• Supplied material:
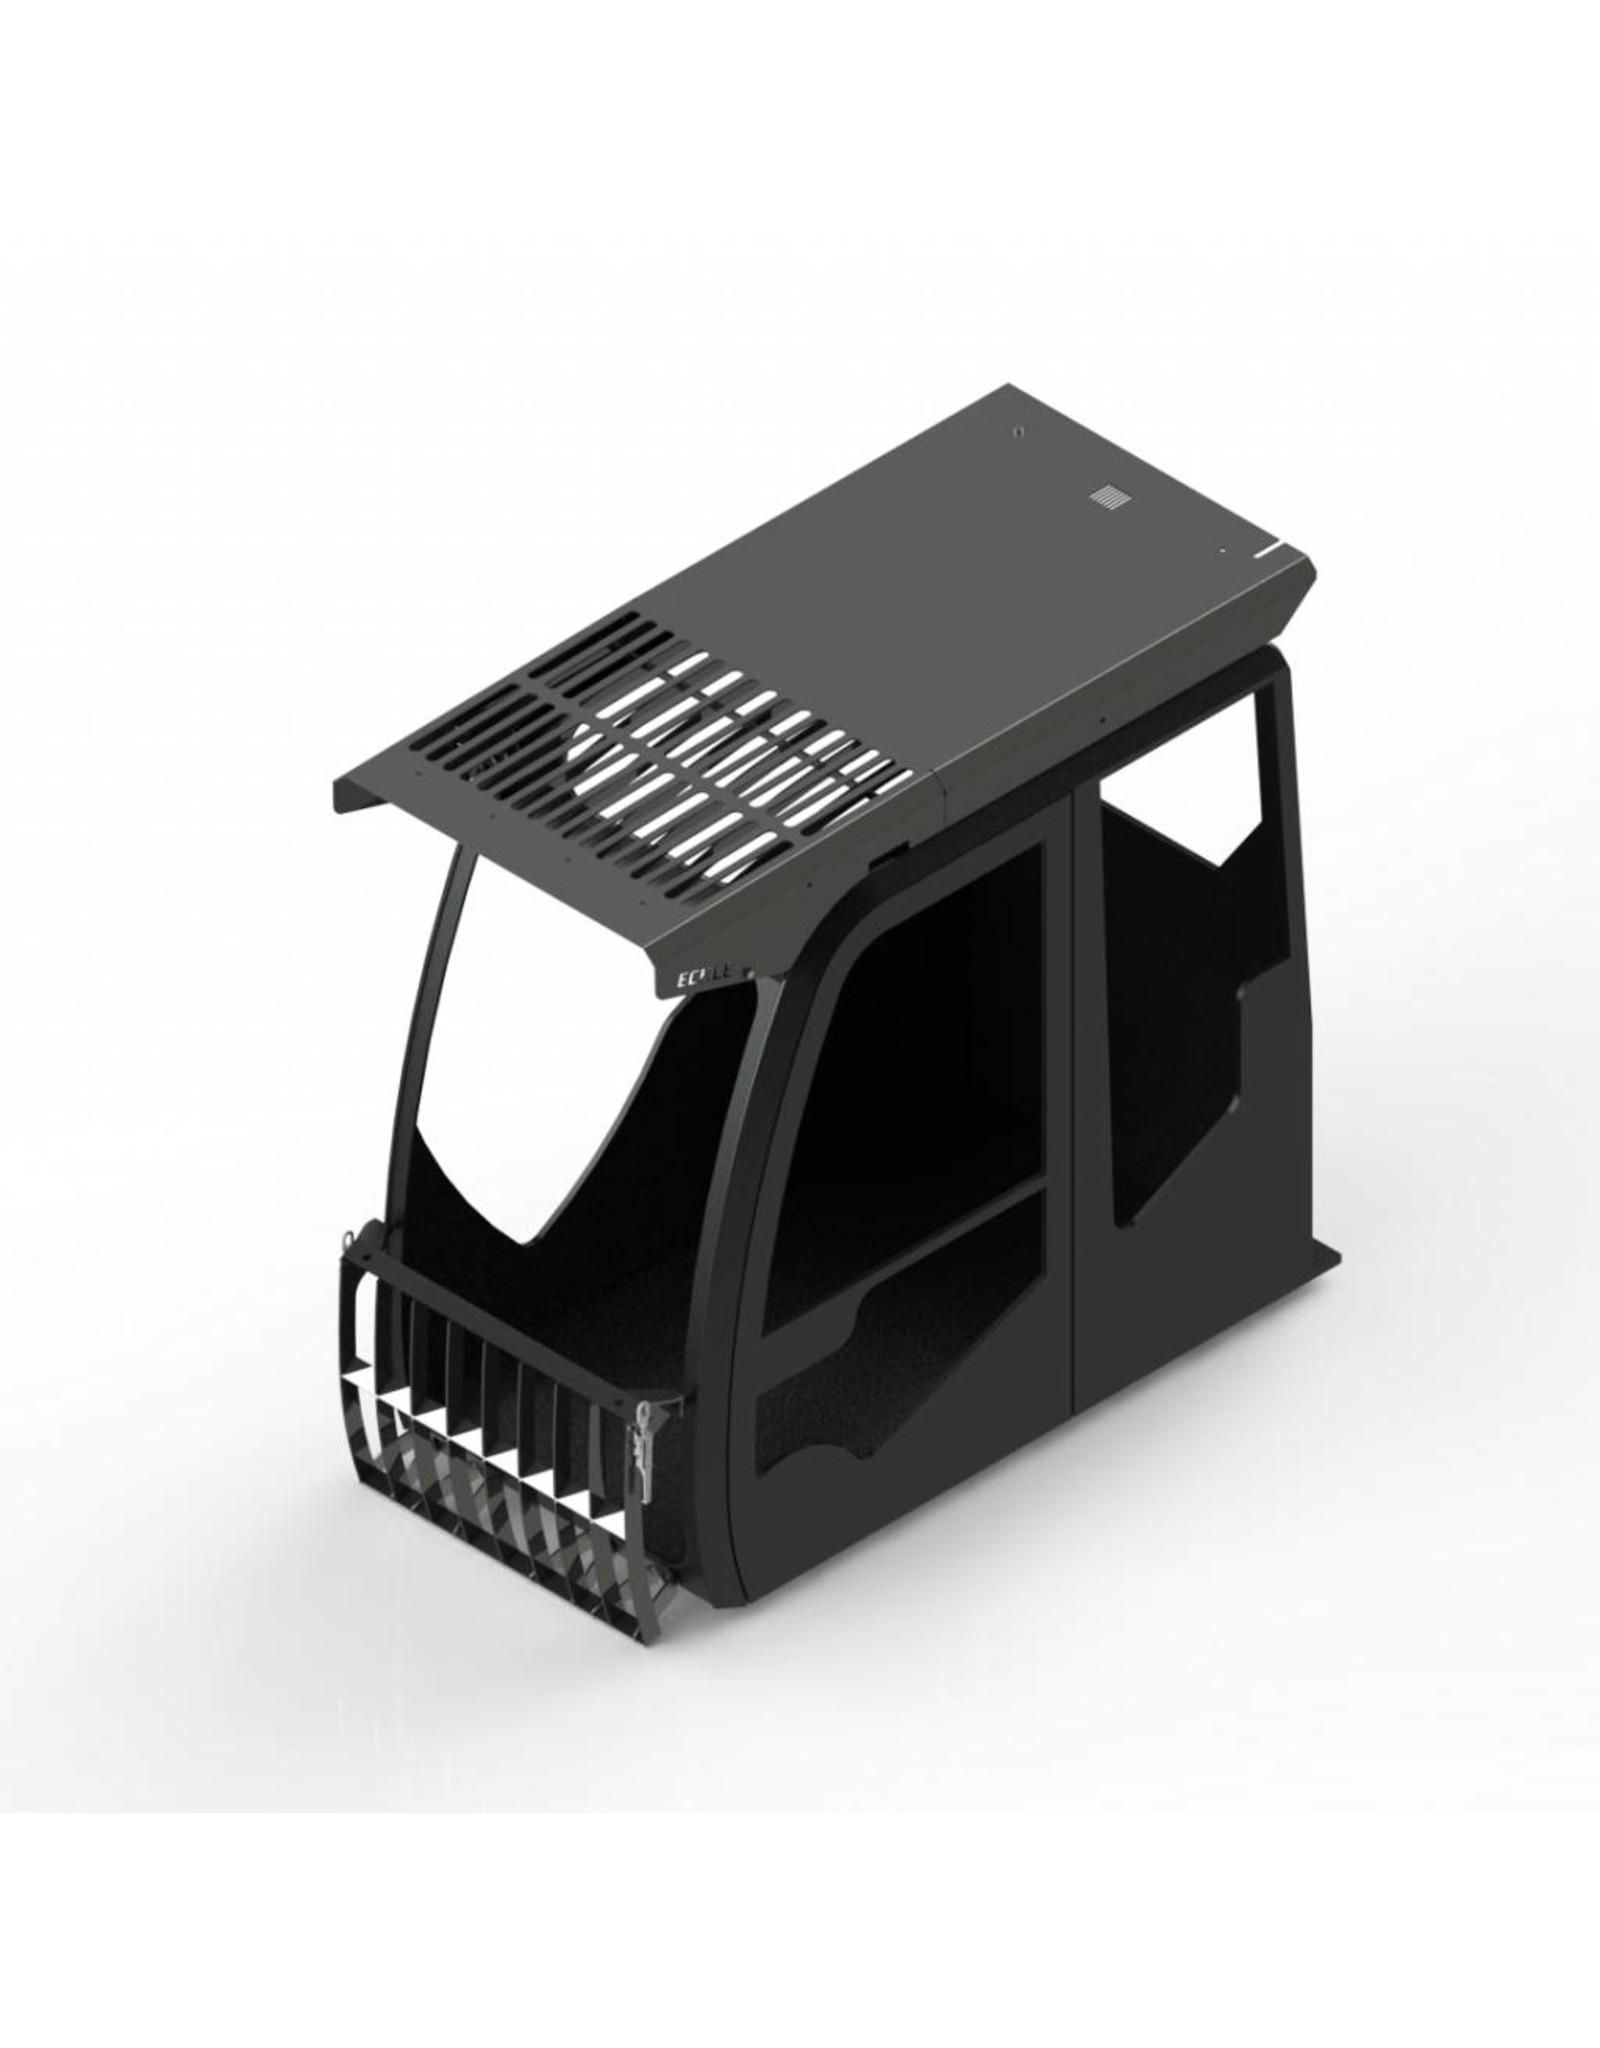 Echle Hartstahl GmbH FOPS for Hyundai HX180L
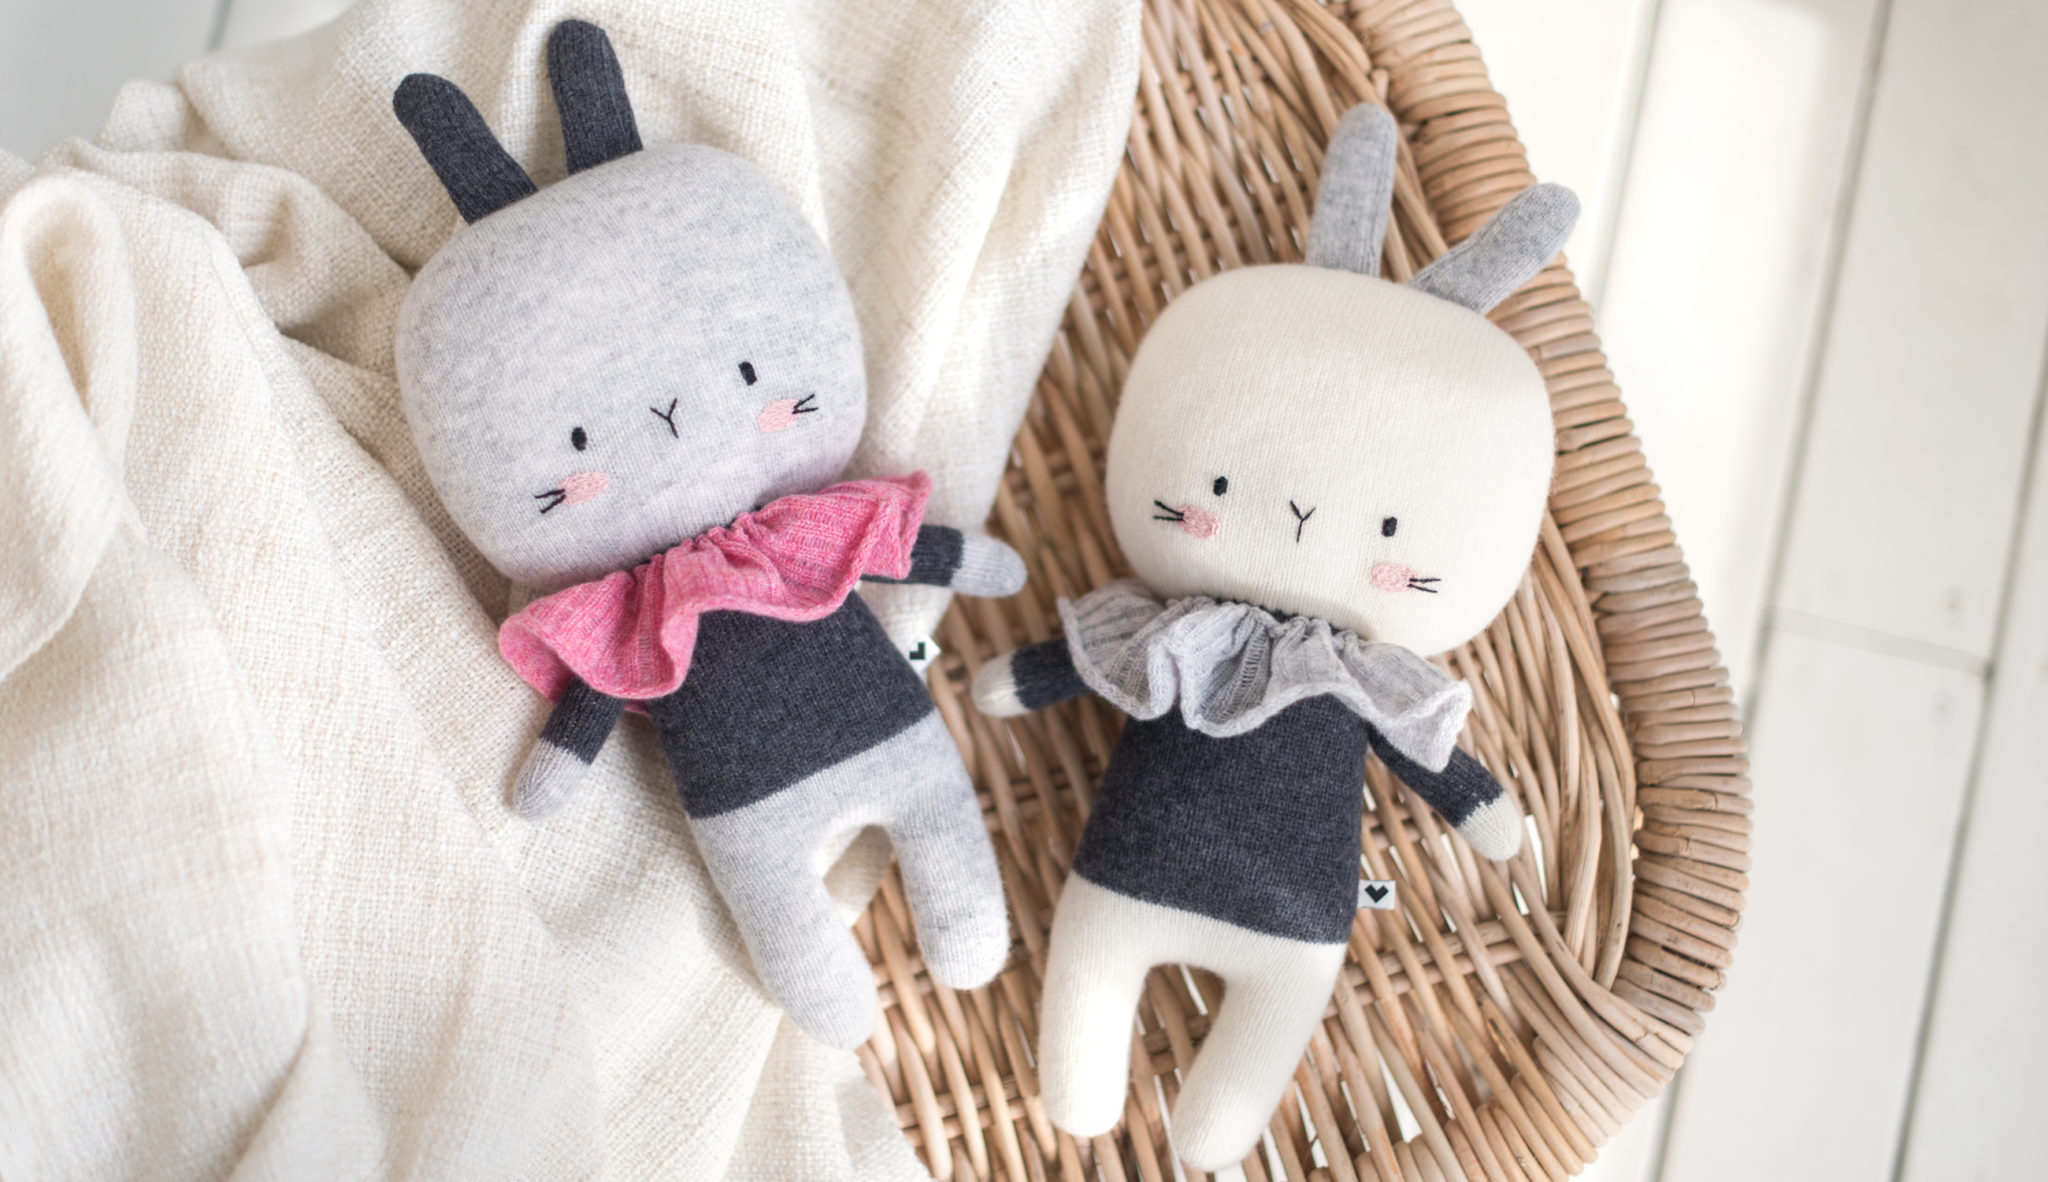 lauvely-bunnies-ava-arlo-1
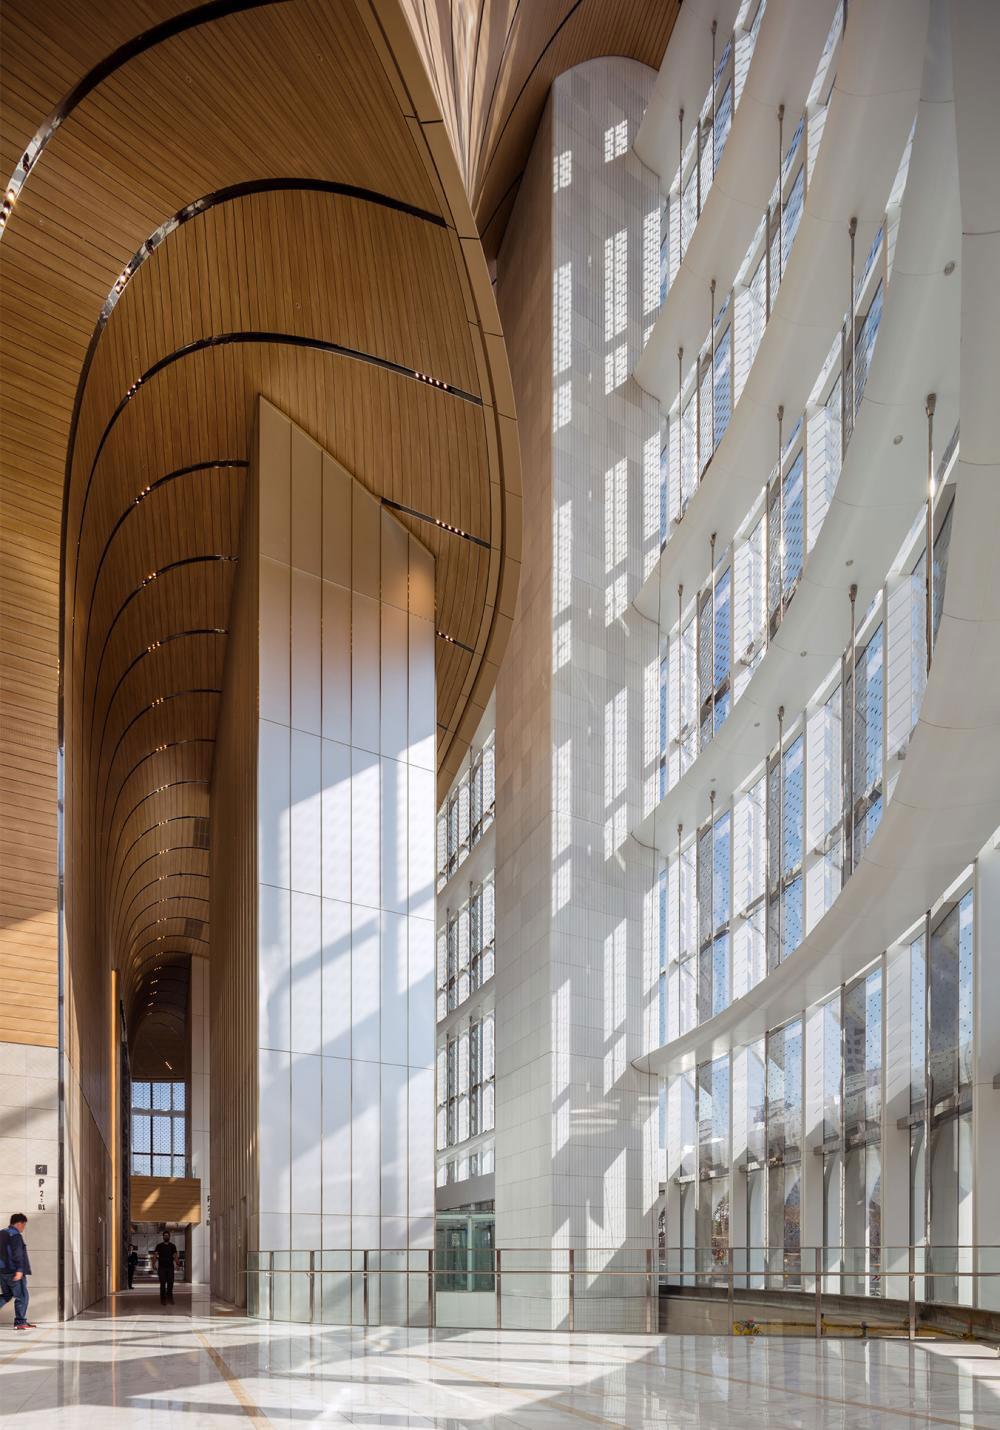 Lotte World Tower Kpf Snupdesign

• Task directions: Repeat verbatim all the material, but not the pictures.

• Solution:
 Echle Hartstahl GmbH FOPS for Hyundai HX180L
 lauvely-bunnies-ava-arlo-1
 Lotte World Tower Kpf Snupdesign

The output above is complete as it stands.